プロローグ0-2

数ヶ月後冒険者学園ヘクトール闘技場


学内トーナメント決勝。

 アーシェは闘技場の中央に歩を進める。アーシェはヘクトールの制服--白のブレザーに紺色のスカート--に身を包み紫がかった銀髪をたなびかせながら歩いていく。


 決勝の相手はローズ。同じクラスで寮のルームメイトでもある。卒業しても関わりが消えることはないと思わされるほどのつながりを感じている。


 --Zクラスのみんな……、ベルくん、先生。そして……ローズちゃん。みんなに会えて良かった! 辛かった毎日がここに来て変わった……。


 ◇◆◇

5年前オーヴェル男爵邸


 自室の寝台でアーシェは目を覚ます。父のオーヴェル男爵を見送った時の不安が一気に増大し、息苦しさを感じる。

 玄関に騒がしく数人の者が入ってくる音が聞こえる。

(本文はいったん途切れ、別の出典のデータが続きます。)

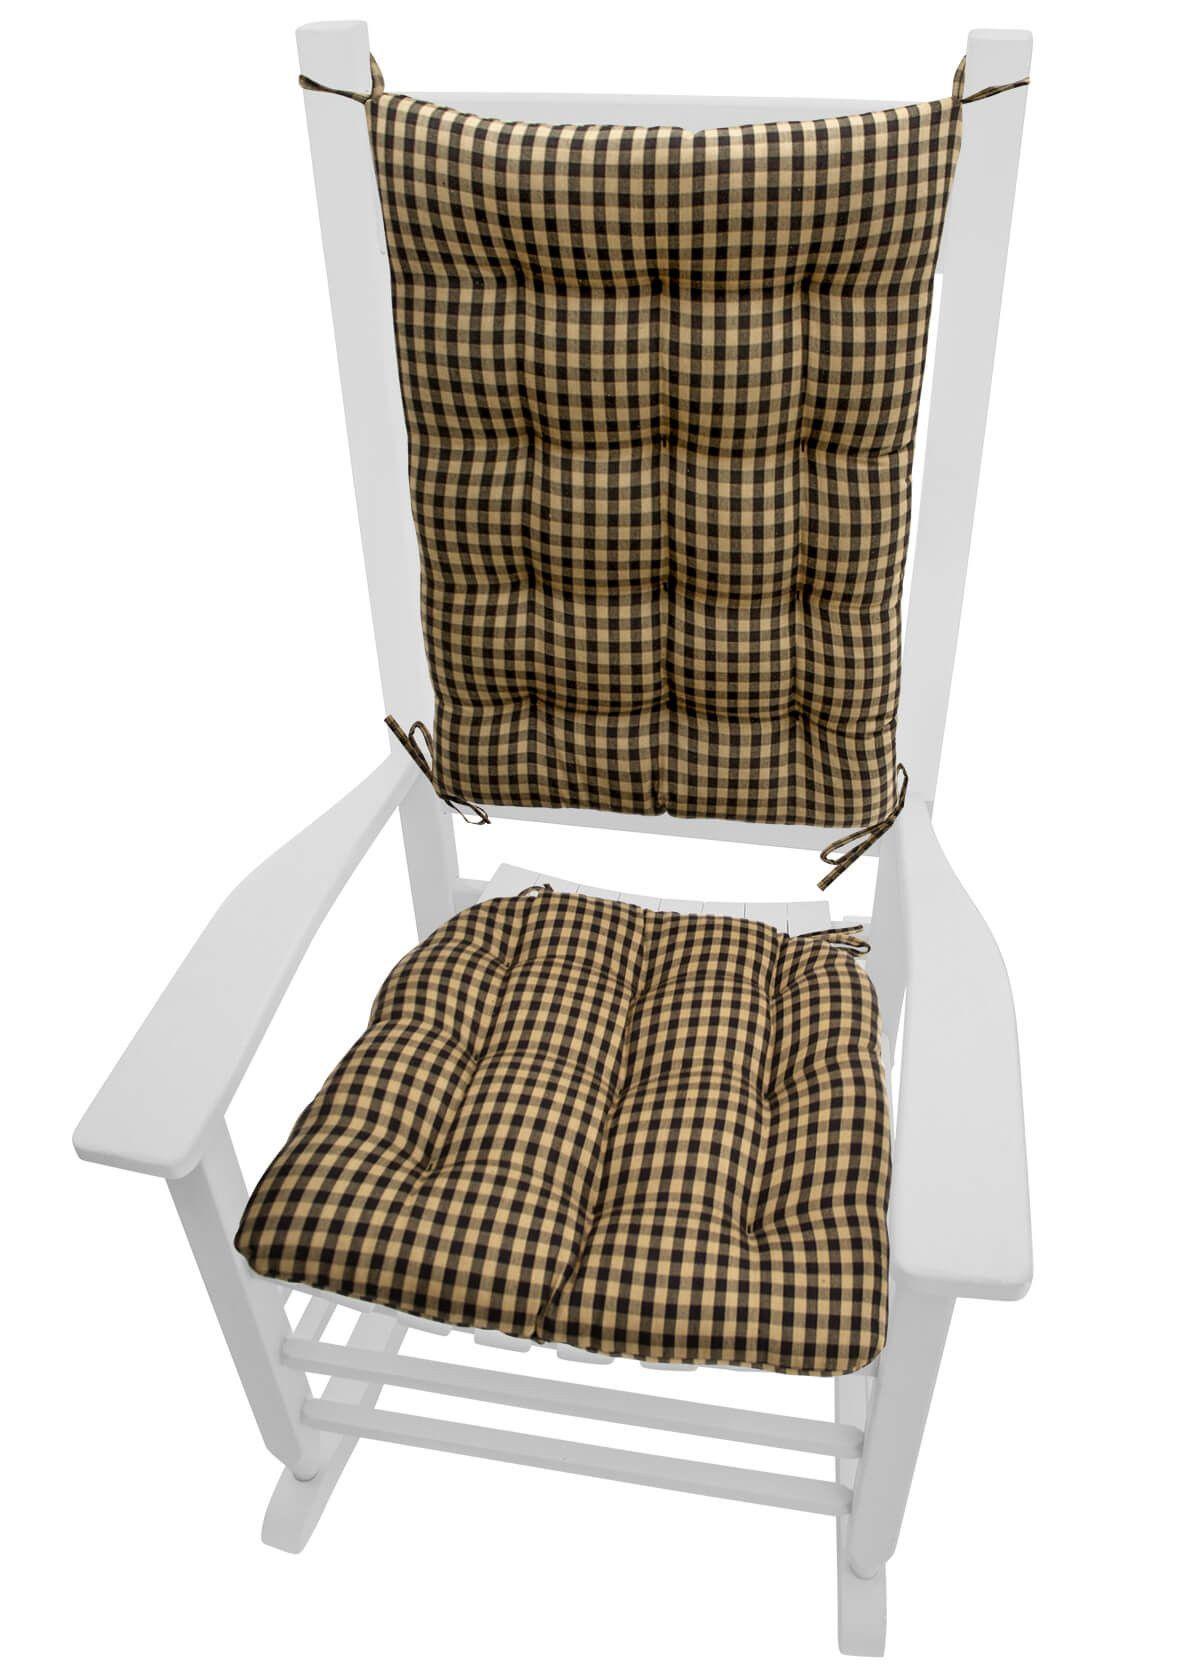 Checkers black u tan checkered rocking chair cushions latex foam

そして、母の悲鳴が。

 居ても立っても居られず、アーシェは2階の自室から寝巻きのまま階下の玄関へと駆け降りる。

 玄関へと駆け降りると、そこには変わり果てた父の姿があった。


「お父さん、お父さん、お父さん!」


 アーシェは涙を溢れさせながら父のもとに駆け寄る。


「ああぁぁぁ……。私も一緒に行けば……」


 母は放心状態だ。実は魔族だという噂があるほど美しい人で、父は拝み倒して結婚してもらったという話だが、母の方が父を愛しているのではないかと思わされることもあった。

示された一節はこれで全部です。